I hope I did not scare you too much about rego, but my point is that it’s best to go slow when writing your rule and validate that it behaves as expected as early as possible (do no write hundreds of lines at once and start testing at the end).

Writing your own custom rule

For this section, I will use a template that I recently published to the policy-library repository. This goal of this template is to allow a user to specify which resources types are allowed (whitelist) or denied (blacklist) in their GCP infrastructure (for instance within a folder). This kind of policy is quite in demand by financial or insurance companies that require  additional guardrails.

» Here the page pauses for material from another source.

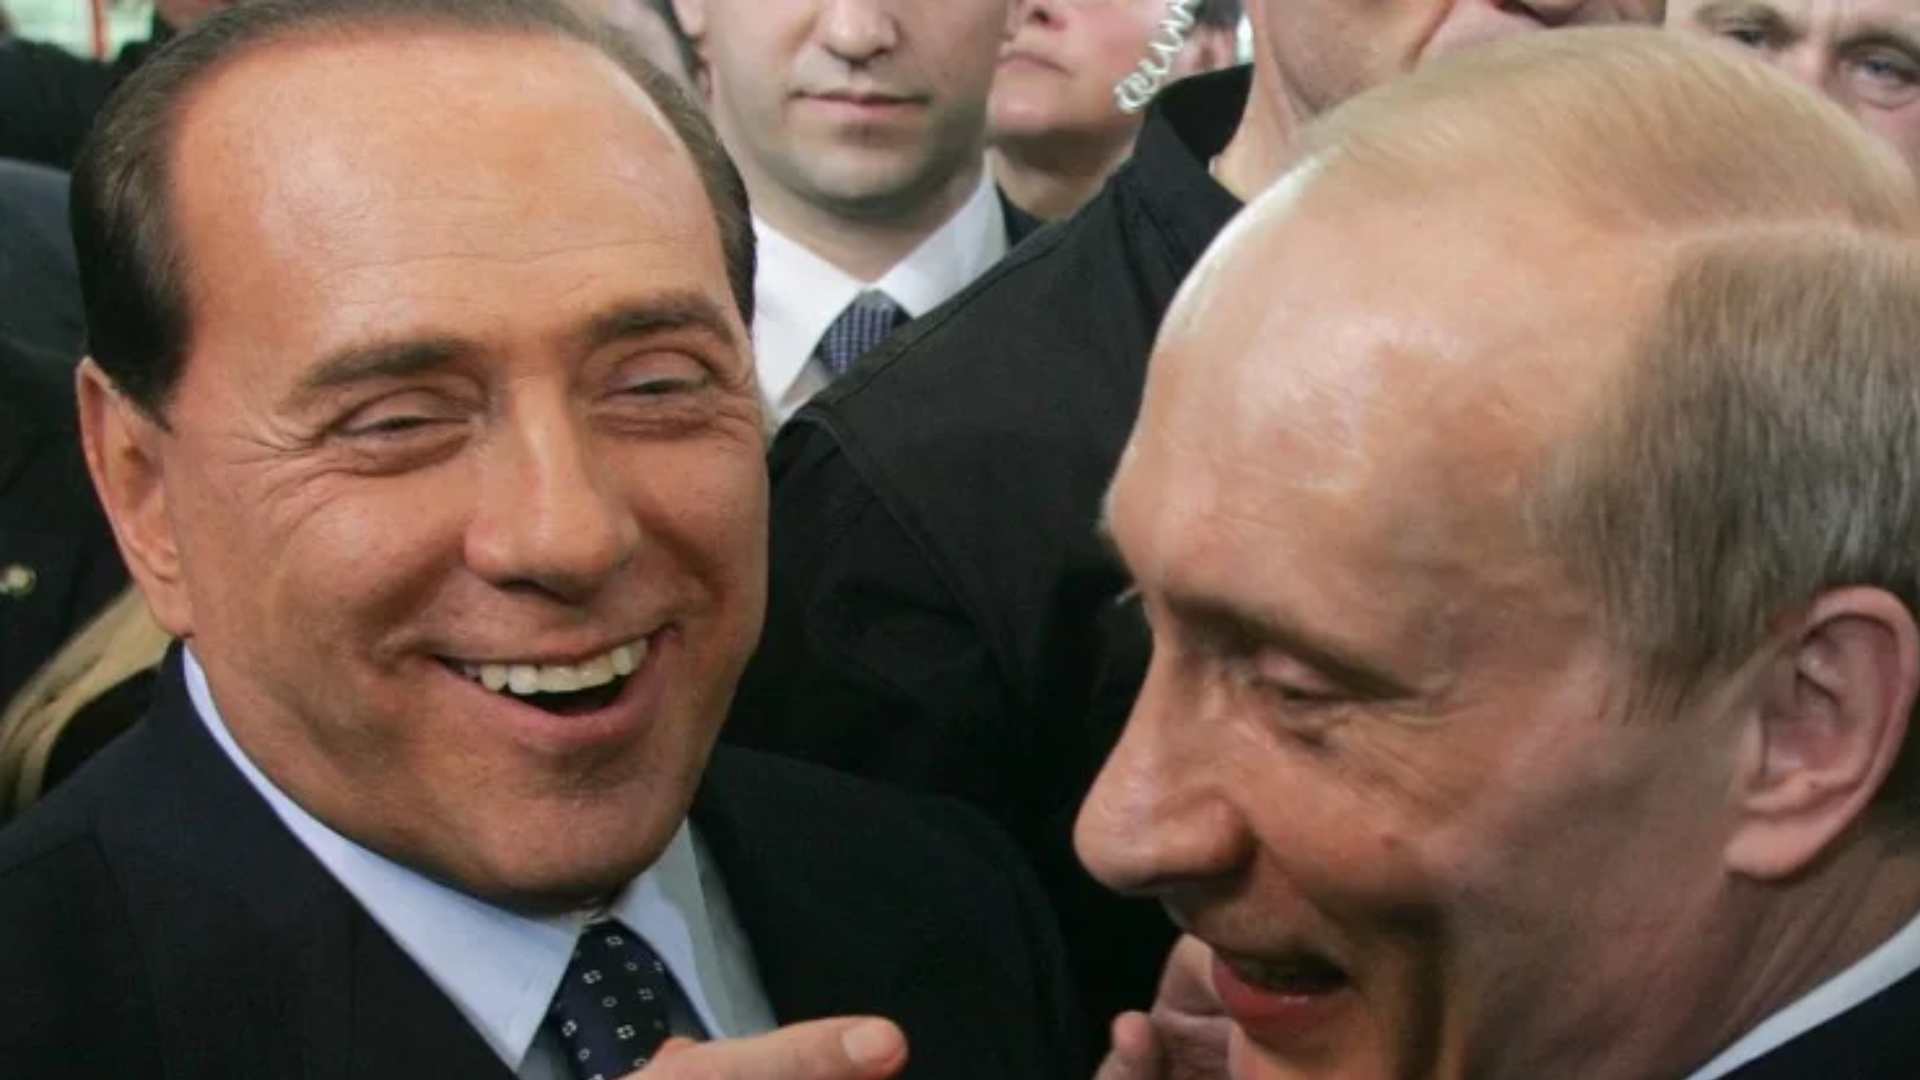 Em áudio vazado, Berlusconi afirma ter trocado ‘cartas amáveis’ com Putin

Let’s get started. Start by writing your new rego rule within the validator folder, within a file named allowed_resource_types.rego. It should look like this:

validator/allowed_resource_types.rego:

  package templates.gcp.GCPAllowedResourceTypesConstraintV1
 
import data.validator.gcp.lib as lib
 
deny[{
    "msg": message,
    "details": metadata,
}] {
    constraint := input.constraint
    lib.get_constraint_params(constraint, params)
 
    asset := input.asset
 
    message := sprintf("%v is in violation.", [asset.name])
    metadata := {"resource": asset.name}
}

You can see we have some basic logic already in the rule. You retrieve the constraint object that was passed by Forseti or terraform-validator as an input to your rule, and you get the constraint parameters using the get_constraint_params function. 

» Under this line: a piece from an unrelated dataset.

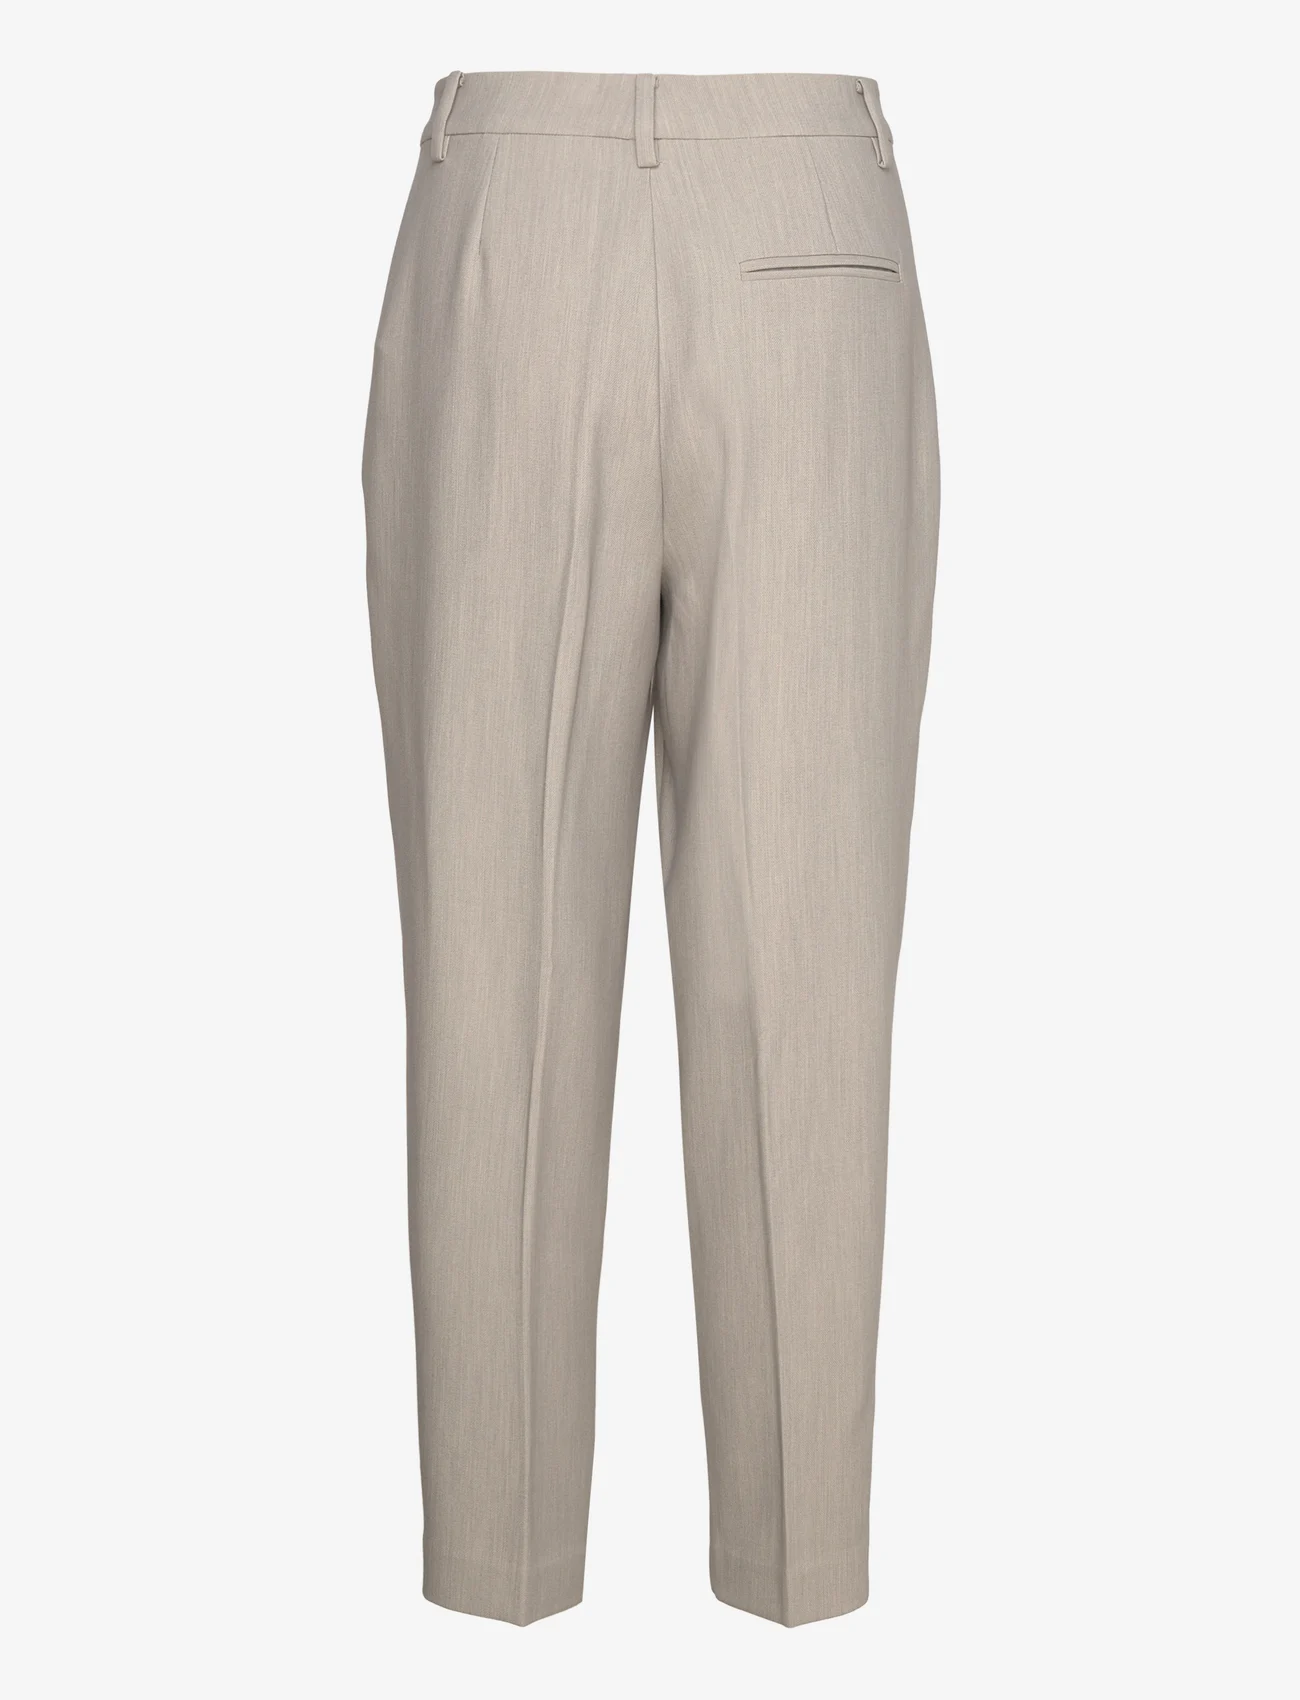 Bruuns Bazaar - CindySusBBDagny pants - feestelijke kleding voor outlet-prijzen - light grey melange - 1

This function is defined in the validator library, which is also in the policy-library repository (under the lib folder). The parameters that you retrieve from the constraint are accessible in the params variable.

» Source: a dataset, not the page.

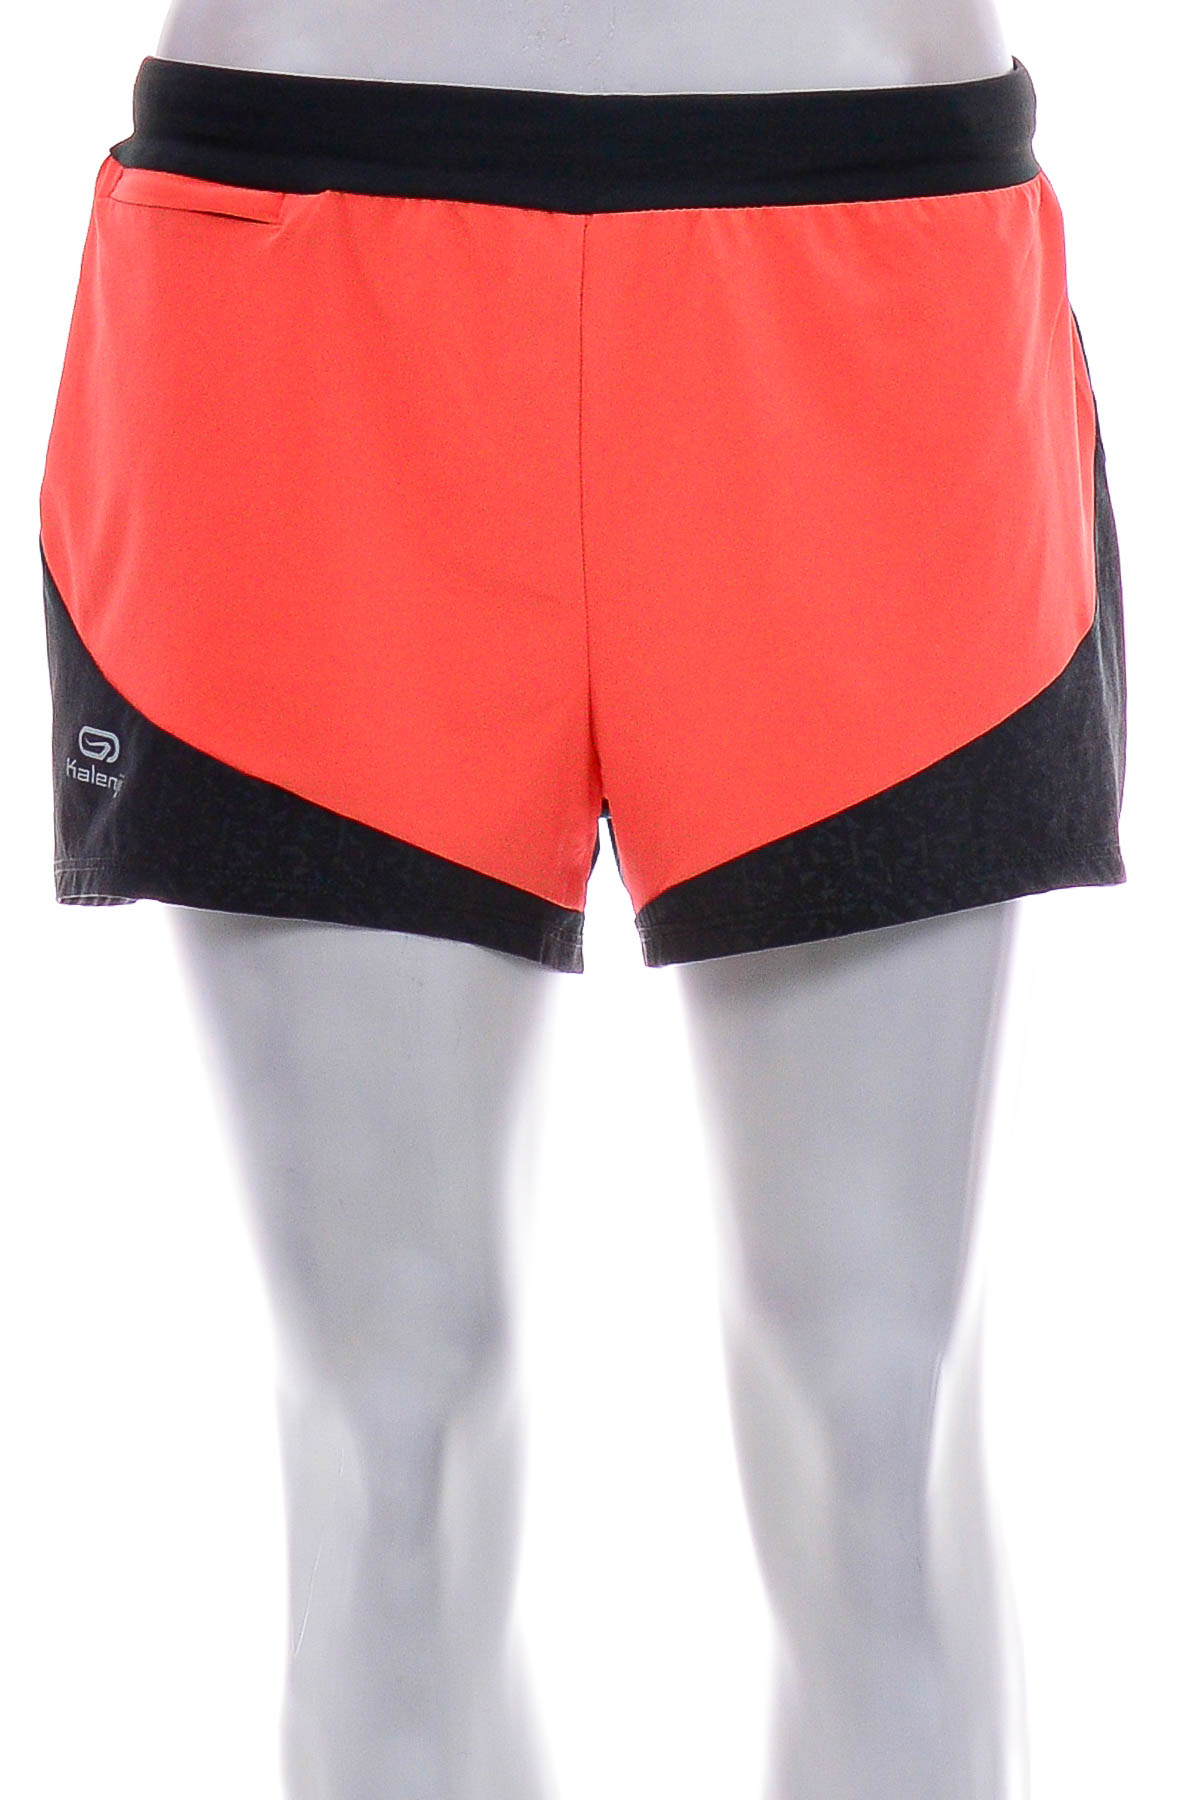 Female shorts - Oxylane - 0

At the same time, make sure that you have an input.asset object passed to your rule, which is the GCP resource that you need to evaluate in the rule. This asset object should reflect the GCP Cloud Asset Inventory export format, as mentioned in earlier articles.

Finally, set the message and metadata variables. These will be used only if the body of the deny rule evaluates to true

Writing your first test for your template

Now it’s time to test your template with a brand new constraint, in a new folder: validator/test/fixtures/allowed_resource_types

Following the contributing guidelines, create two subfolders for your tests:

  • assets: this will contain all of your test data that you get from a Cloud Asset Inventory export, or from other template test data (these are both json objects)

  • constraints: this will contain all of the test cases for your template. This is a way for you to test various inputs to your template and make sure it behaves as expected against your test data.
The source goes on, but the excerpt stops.